Single by Jung Kook
- Language: Korean
- Released: February 11, 2022
- Genre: Pop
- Length: 3:30
- Label: Big Hit
- Songwriters: Suga; El Capitxn; Maria Marcus; Louise Frick Sveen; Gabriel Brandes; Matt Thomson; Max Lynedoch Graham; Shin Won Park;
- Producer: Suga

Jung Kook singles chronology
| "My Time" (2020) | "Stay Alive" (2022) | "Left and Right" (2022) |

Music video
- "Stay Alive" on YouTube

= Stay Alive (song) =

2022 digital single by Jungkook

"Stay Alive" is a song recorded by Jung Kook of BTS as the original soundtrack for 7Fates:Chakho, a collaborative webtoon created by Hybe and Naver Webtoon.
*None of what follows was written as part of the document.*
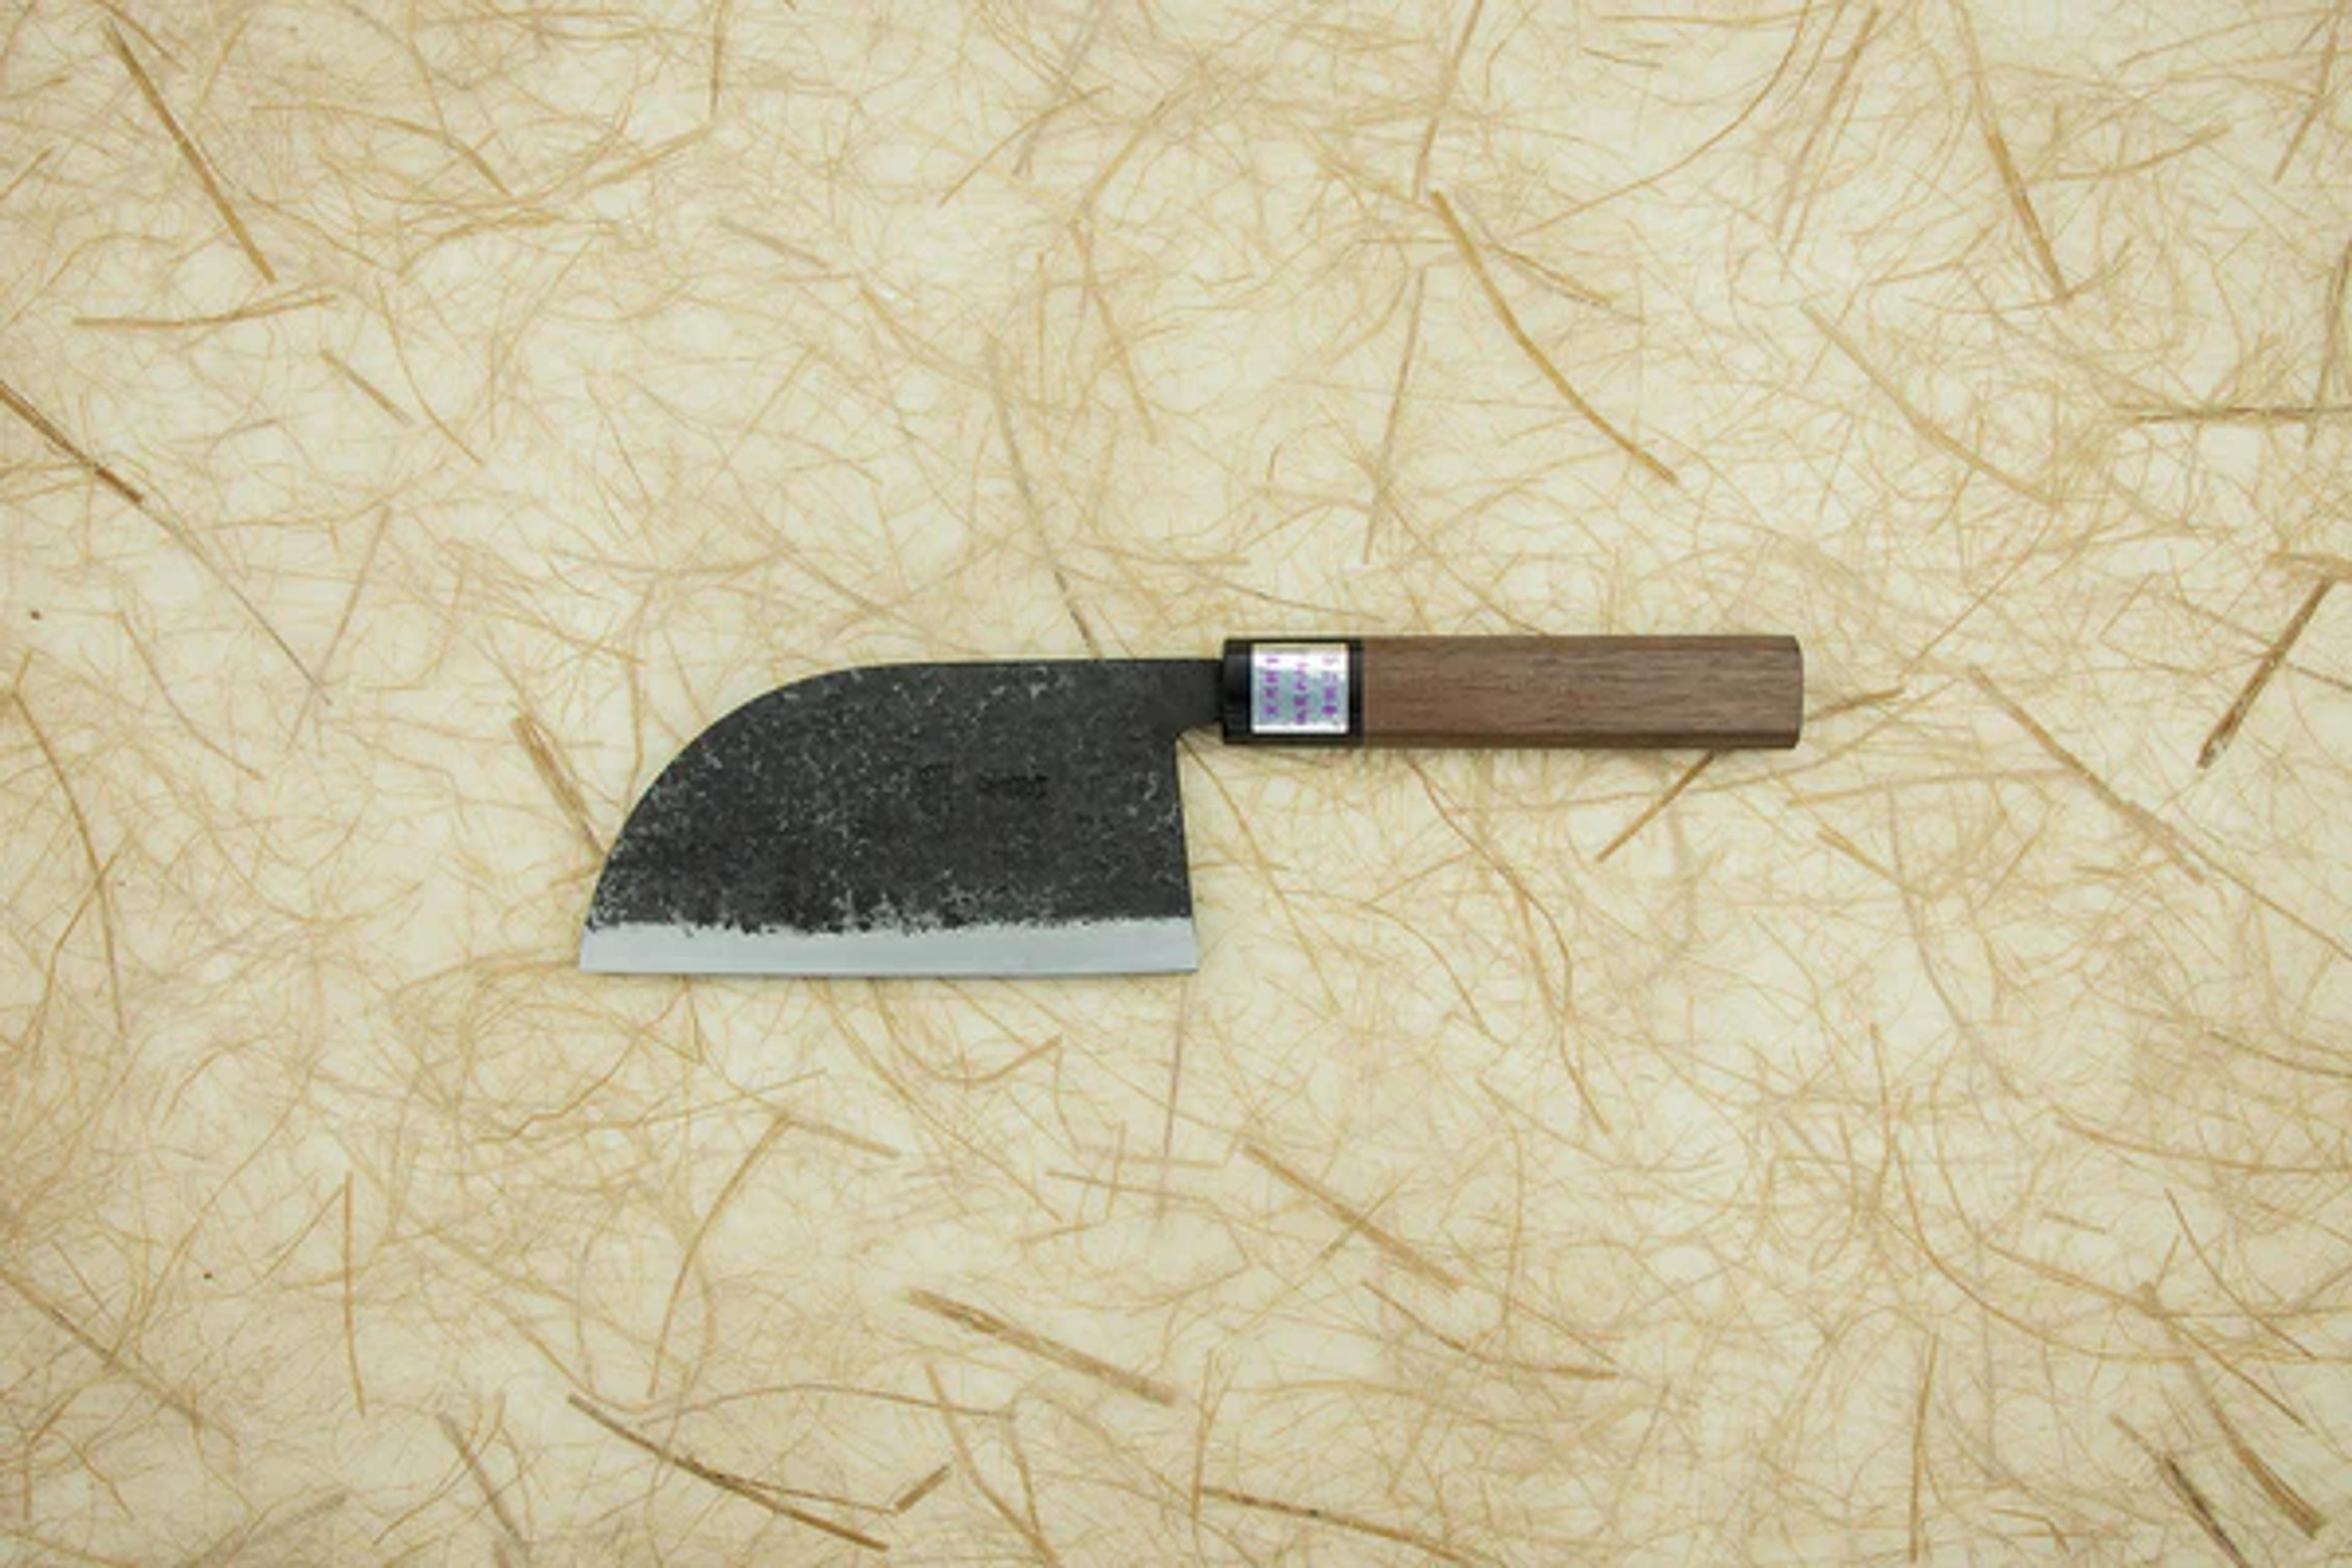 Moritaka Ishime Kamagata 130mm | Knifewear - Handcrafted Japanese Kitchen Knives

It was released as a stand-alone digital single on February 11, 2022, through Big Hit Music. A dramatic, slow-tempo pop ballad, the song was produced by BTS-bandmate Suga, who co-wrote it with El Capitxn, Maria Marcus, Louise Frick Sveen, Gabriel Brandes, Matt Thomson and Max Lynedoch Graham of Arcades, and Shin Won Park.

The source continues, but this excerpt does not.